提升代码生成、执行反馈和自动修复能力。核心线索：Audio tokenizers serve as the discrete interface between continuous audio and Audio Language Models (ALMs), but existing tokenizers often struggle to support both understanding and generation. 代码/数据可用性需查看原文确认。

其他值得关注

Large AI Models in Dental Healthcare: From General-Purpose Systems to Domain-Specific Foundation Models：关注任务设置、指标和失效案例，适合补充模型评测与回归测试。

GloResNet: A lightweight 3D CNN with global topological features for preterm brain injury prediction：关注工具调用、执行反馈和可复用能力，适合跟进 Agent 工作流和工程可靠性。

MASER: Modality-Adaptive Specialist Routing for Embodied 3D Spatial Intelligence：关注工具调用、执行反馈和可复用能力，适合跟进 Agent 工作流和工程可靠性。

AgentRedBench: Dynamic Redteaming and Integration-Aware Defense for LLM Agents over SaaS Integrations：关注工具调用、执行反馈和可复用能力，适合跟进 Agent 工作流和工程可靠性。

OpenWebRL: Demystifying Online Multi-turn Reinforcement Learning for Visual Web Agents：关注工具调用、执行反馈和可复用能力，适合跟进 Agent 工作流和工程可靠性。

What Benchmarks Don't Measure: The Case for Evaluating Abstention Competence in Autonomous Agents：关注工具调用、执行反馈和可复用能力，适合跟进 Agent 工作流和工程可靠性。

ATLAS: A Large-Scale Evaluation Benchmark for Adversarial LiDAR Perception：关注检索、知识库问答与证据可靠性，适合跟进 RAG 评测和企业知识系统。

Tiny Collaborative Inference for Occlusion-Robust Object Detection：关注检索、知识库问答与证据可靠性，适合跟进 RAG 评测和企业知识系统。

Do Transformers Need Three Projections? Systematic Study of QKV Variants：关注推理成本、延迟、吞吐和部署约束，适合跟进系统优化。

Pathway-Structured Privileged Distillation for Deployable Computational Pathology：关注检索、知识库问答与证据可靠性，适合跟进 RAG 评测和企业知识系统。

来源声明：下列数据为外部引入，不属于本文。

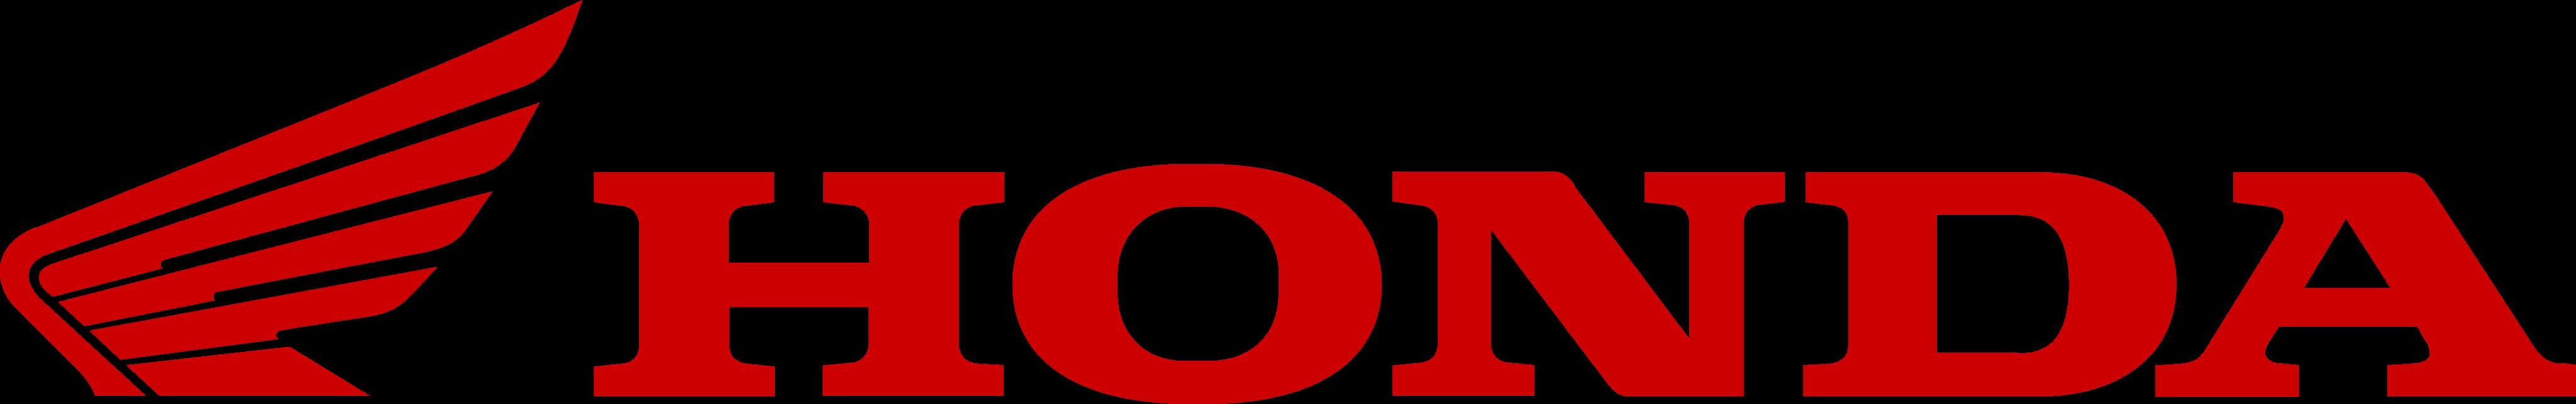 honda motos logo 1 - Honda Motos Logo
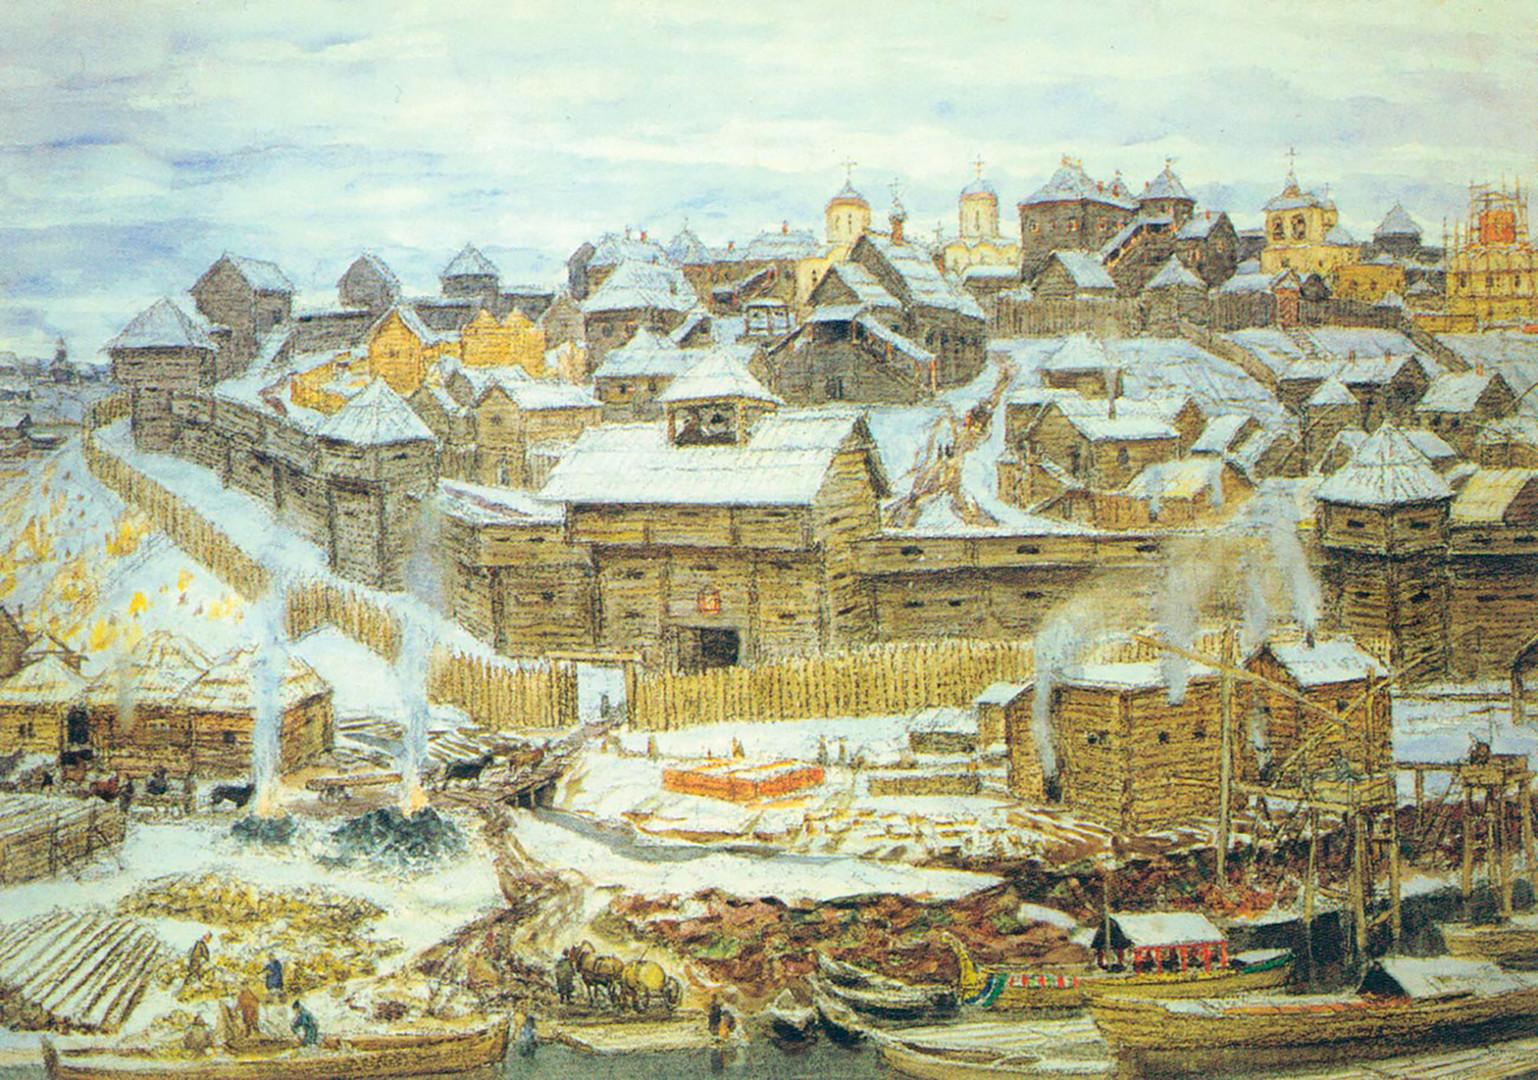 Il Cremlino di Mosca dipinto da Apollinarij Vasnetsov, acquerello, 1921

RRISE: Robust Radius Inference via a Surrogate Estimator：关注任务设置、指标和失效案例，适合补充模型评测与回归测试。

Toward a Modular Architecture for Embedded AI Agent Systems at the Edge：关注工具调用、执行反馈和可复用能力，适合跟进 Agent 工作流和工程可靠性。

Which Defense Closes Which Threat? Attributing OWASP-LLM-Top-10 Coverage and Its Brittleness Under Paraphrasing：关注检索、知识库问答与证据可靠性，适合跟进 RAG 评测和企业知识系统。

Traj-Evolve: A Self-Evolving Multi-Agent System for Patient Trajectory Modeling in Lung Cancer Early Detection：关注工具调用、执行反馈和可复用能力，适合跟进 Agent 工作流和工程可靠性。

Acceptance-Test-Driven Evaluation Protocols for Business-Centric LLM Systems：关注工具调用、执行反馈和可复用能力，适合跟进 Agent 工作流和工程可靠性。

阅读边界

自动排序会偏向有社区信号、代码信号和工程关键词的论文。
简报默认基于标题、摘要和公开元数据，不替代全文精读。
外部 API 限流或不可用时，相关信号会降级为空并在内部记录中保留说明。